The boys' grandmother, Sheri Bone, said she believes the laws aren't severe enough for people who end such young lives, but she is glad to see the case finally reaching an end.

"It's time that justice was served," she said. "It's been a long time."

Infants' Deaths Spur DSHS Reforms

The state Department of Social and Health Services fielded numerous calls about Marie Robinson and the welfare of her children in the months before two of her sons were found starved to death in her home. The public outcry over her case prompted policy changes within the agency, as well as a new law:

# The Justice and Raiden Act gives state workers more power to remove children from their homes in cases of parental neglect. In particular, the law gives greater weight to substance abuse as a contributing factor. It took effect in January.

# Chemical dependency counselors are now stationed in most DSHS offices to assist Child Protective Services workers with assessment and case management.

# Substance-abuse training for social workers now includes a section on binge drinking. And the department screens parents and caretakers for substance abuse and/or mental health issues.

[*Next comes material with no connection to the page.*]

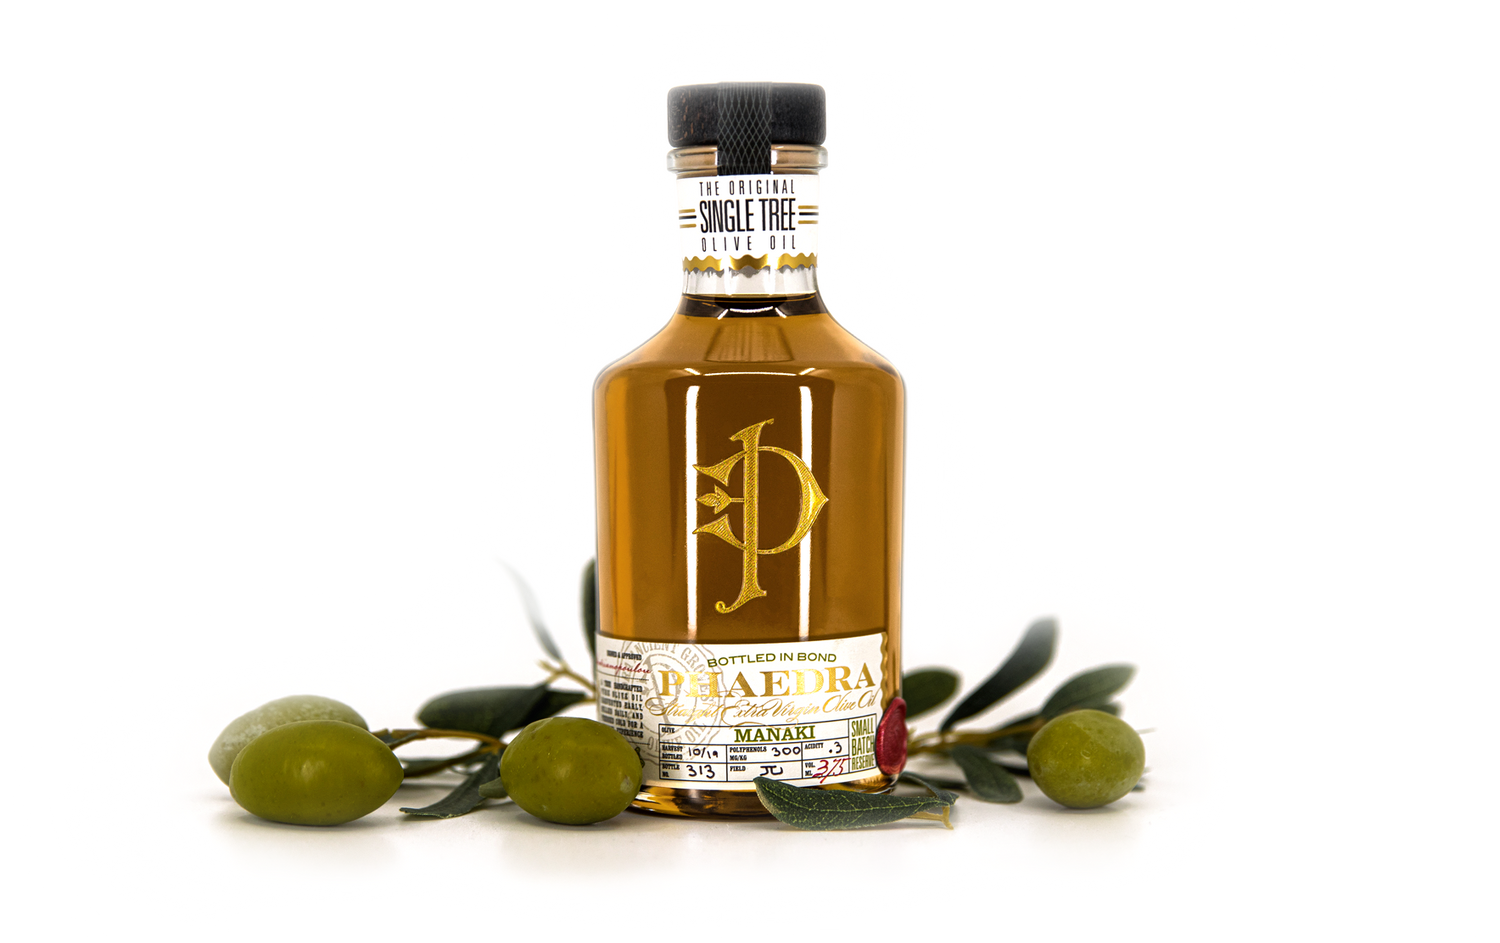 5 Gallon Bulk Ancient Groves Extra-Virgin Olive Oil

In addition, for children who are reunited with their parents after removal from the home:

# CPS workers are required to make monthly visits at least every 40 days after reunification.

# An additional checklist, required before reunification, assesses the likelihood of future risk to the children within the home.

# Workers must complete a "Transition and Safety Plan" for the child that involves their parent.

Later this month, DSHS plans to release a workload study of all case-carrying social workers, spokeswoman Karen Lee said.

The Robinson case review has been incorporated into "lessons learned" training given to staff several times a year across the state, she said.